For example,
$$123^{25} \pmod{10}$$
$$ 123 \equiv 3 \pmod{10}$$
$$123^{2} \equiv 9 \pmod{10}$$
$$123^{3} \equiv 7 \pmod{10}$$
$$123^{4} \equiv 1 \pmod{10}$$
$$123^{5} \equiv 3 \pmod{10}$$
It is easy to see:
$$123^n \equiv 123^{4(k) + n} \pmod{10}$$
$$4(6) = 4(k) = 24$$ Hence,
$$123^{1} \equiv 123^{4(6) + 1} \equiv 123^{25} \pmod{10} \equiv 3 \pmod{10}$$
My question is why does this work?
Yes, $\,{\rm mod}\ 10\!:\ \color{#c00}{3^4\equiv 1}\,\Rightarrow\, 3^{J+4K}\!\equiv 3^J(\color{#c00}{3^4})^K\!\equiv 3^J\color{#c00}1^K\!\equiv 3^J $ by $ $ Congruence Power, Product Rules.

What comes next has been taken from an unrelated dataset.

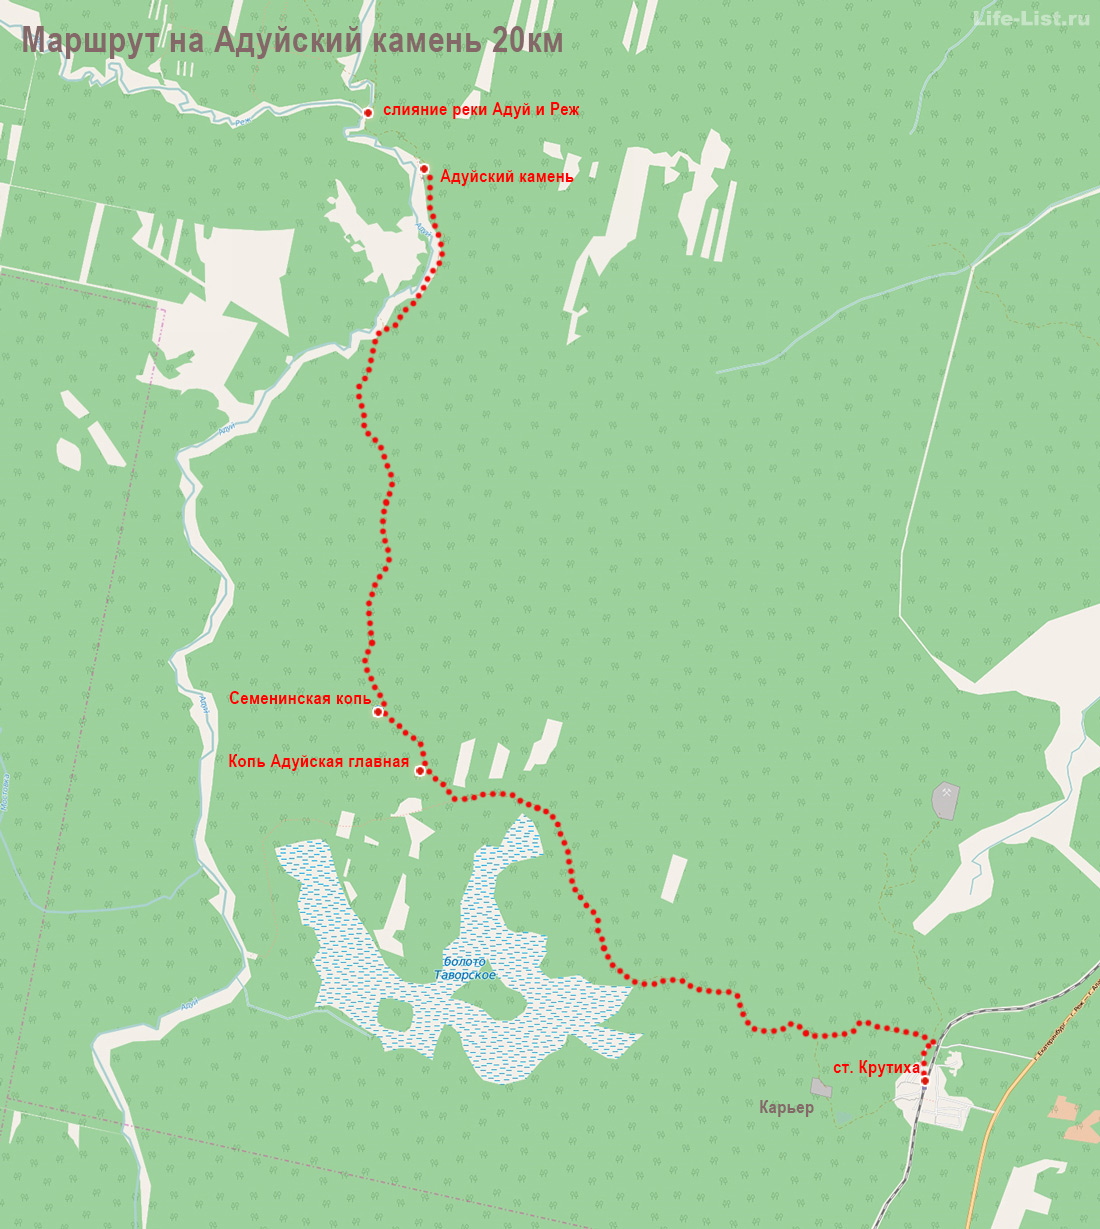 схема маршрут на Адуйский камень от станции Крутиха

If $\,a\,$ is coprime to $\,m\,$ then $\ a^{\varphi(m)}\equiv 1\pmod{m}\ $ by Euler's Theorem. Therefore mod $\,m,\,$ the sequence of powers of $\,a\,$ will be periodic. The exact period length, i.e. the least $\,n\,$ such that $\,a^n\equiv 1\pmod m\,$ is known as the order of $\,a\ {\rm mod}\ m.\,$ It can be less than $\,\varphi(m),\,$ but must be divisor of $\,\varphi(m).$
First of all $123^n = (120+3)^n = (12\times10+3)^n = \sum_1^n \binom{n}{k}\times(12\times10)^k\times3^{n-k} \equiv 3^n \pmod {10}$, because all multiples of $10 \equiv 0 \pmod {10}$. So it's only needed to solve $3^{25} \pmod {10}$
This reduces it to $3^n \equiv 3^{n+4k} \pmod{10}$. Why $4$? As @André Nicolas stated, this is because of Euler's theorem saying $a^{\varphi(m)}\equiv 1 \pmod m$, if $\mathrm{gcd}(a,m) = 1$. This means $3^n \pmod {10}$ will only hit numbers coprime to $10$, and these are the four numbers $\{1,\,3,\,7,\,9\}$. None of these numbers share a divisor with $10$. This also means that $3^n \pmod {10}$ cannot hit $\{0,\,2,\,4,\,5,\,6,\,8\}$, since for instance there is no number $n$ such that $3^n = 4 \pmod{10}$. So since it can only hit the four numbers $\{1,\,3,\,7,\,9\}$, it will only do so, and repeat once it has hit the four numbers.